Very neat thanks. I am new to frogs too; so I really don't have any suggestions on types of frogs.

Thanks for the info, Phishingpete


----------



## Arklier (Mar 1, 2004)

If you want frogs, make sure that you don't have any sundews or venus flytraps in there. Sundews are bad because the frogs would get stuck to them, and venus flytraps are bad because the frogs would stomp all over them and trigger the traps constantly. Nepenthes and butterworts are fine. I've got an N. alat in one of my tanks, and the frogs jump in and out all the time.

As for the tank itself, you'd probably want to add some branches that go from the water up to the land area, because most darts are notoriously bad swimmers and they might fall in and drown if there's no easy way up out of the water. And yes, they are NOT aquatic frogs, and they CAN drown.

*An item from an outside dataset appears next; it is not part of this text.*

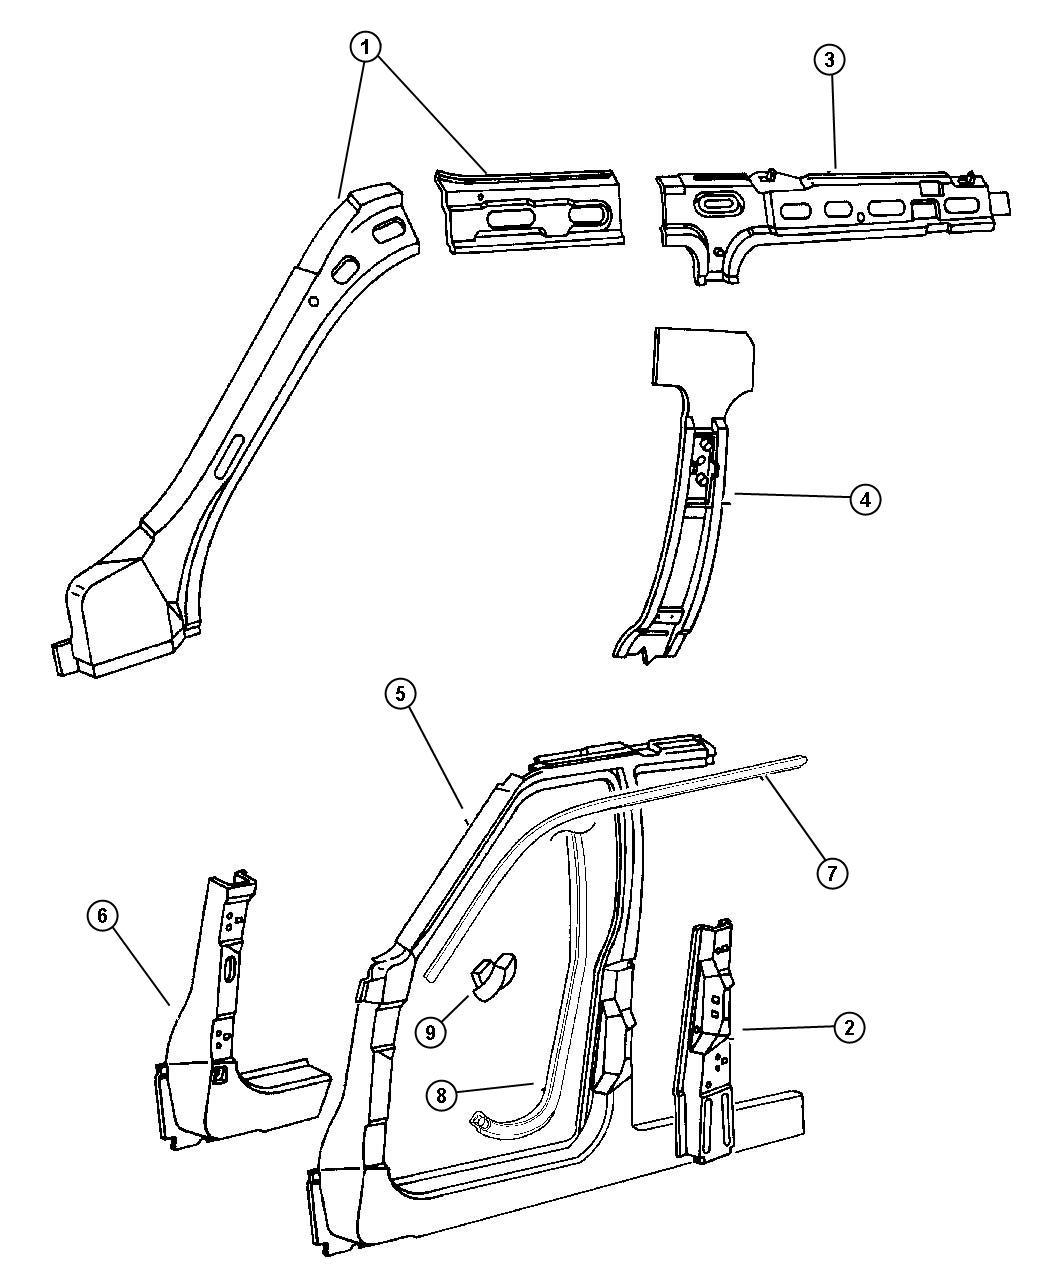 2003 jeep grand cherokee door diagram

Leucs or auratus would be a good addition to the tank, once you address the issues. Welcome to dendroboard and good luck with your tank and frogs.

:lol:


----------



## Hak (Jul 10, 2005)

Wow! I think that may be the most unique tank ive seen after almost a year surfing sites like this (this site being my favorite :lol
I am also new to keeping frogs so i cant point you in any direction there but i have had some experience with the Cobra Lilly.
I love that plant and did quite a bit of research on it (and had one in my viv for a little while) Its comes from cool banks of streams, ponds and swamps in the pacific northwest (mainly California from what i understood, hence its scientific nomenclature _Californicus Darlintonia_
or something like that i probly butchered it or got the name backwards 
Anyway i thought id let you know that since this plant is indigonous of a colder climate it does not fair so well in viv conditions. It constantly needs cold water supplied to the roots. I had mine in my viv for about 2 months untill it finally kicked the bucket, but it did shoot off one new leaf and several retarded leaves probly from lighting issues before it finally succumbed to the heat and java moss overtook it.
Its a wonderful plant but it may be one you may need to replace at least in my experience. I found researching this plant that many growers/breeders of Cobra Lilly actually will wrap its pot in ice duriing the summer to keeps its roots cool which shows how much it loves cool conditions.
Just thought id give you some info on them since i already read lots about em and attempted to keep them. I actually hope in the future to make a terrarium sufficient for plants like this since they are so interesting and the produce one of the oddest flowers you will ever see!
Again awesome viv :lol:


----------



## mack (May 17, 2005)

the tank is amazing to look at, and i'm glad you got some pics. that said, i'm going to rain on the parade a bit. i'm sorry to be a buzzkill, but the last post about cobra's is correct...they like it cold! both utrics will do well, and the nepenthes should be okay if it is a lowland morph(highland nepenthes need much cooler conditions), just keep it moist but not sitting wet. also the mexican pings turn into succulents in the dry(winter) season and need to dry out pretty completely for a few months. the vtf's and american pitcher plants also need a cold dormancy to survive. you could keep all of these in pots and pull them in the winter and put the vtf's and saracennia in the refrigerator for 5 months or so. the mex pings could be taken out to dry. the cobra will die at room temp no matter what. also, i would look carefully at the cement. it's almost certain to leech hardness into the water which might be fine for ciclids (hard water africans at least), but will certainly kill almost all carnivores. a great book which is cheap, fun, and thorough is "the savage garden" by peter d'amatto. you can pick up a copy for $20-ish if you wnat to know more about carnivores. again, i think the tank is really beautiful and enjoyed the pics. i really hope you figure out a way to make this setup sustainable, and keep us posted.


----------



## Guest (Jul 27, 2005)

Hey there,

I do have the D'Amato book. Signed copy, in fact. I'd purchased the Lowe's plants before I had it though. The cobra lillies seem fine, I am perpetually astonished that they don't die, but they keep throwing up new leaves. The water in the front part there stays cooler than the air in there, so maybe that makes a difference when it comes to watering? I couldn't guess. My plan is to just replace the plants that won't survive gradually with ones that will. I realize the die-offs will probably co-incide with the onset of winter, and I may pull the vfts and refrigerate-- we'll see. But you know, either way, they've had a good season, I've fed them lots of interesting bugs, and they would've had a much shorter life left on the shelf at the store, so whatever happens, I can't feel too bad about it.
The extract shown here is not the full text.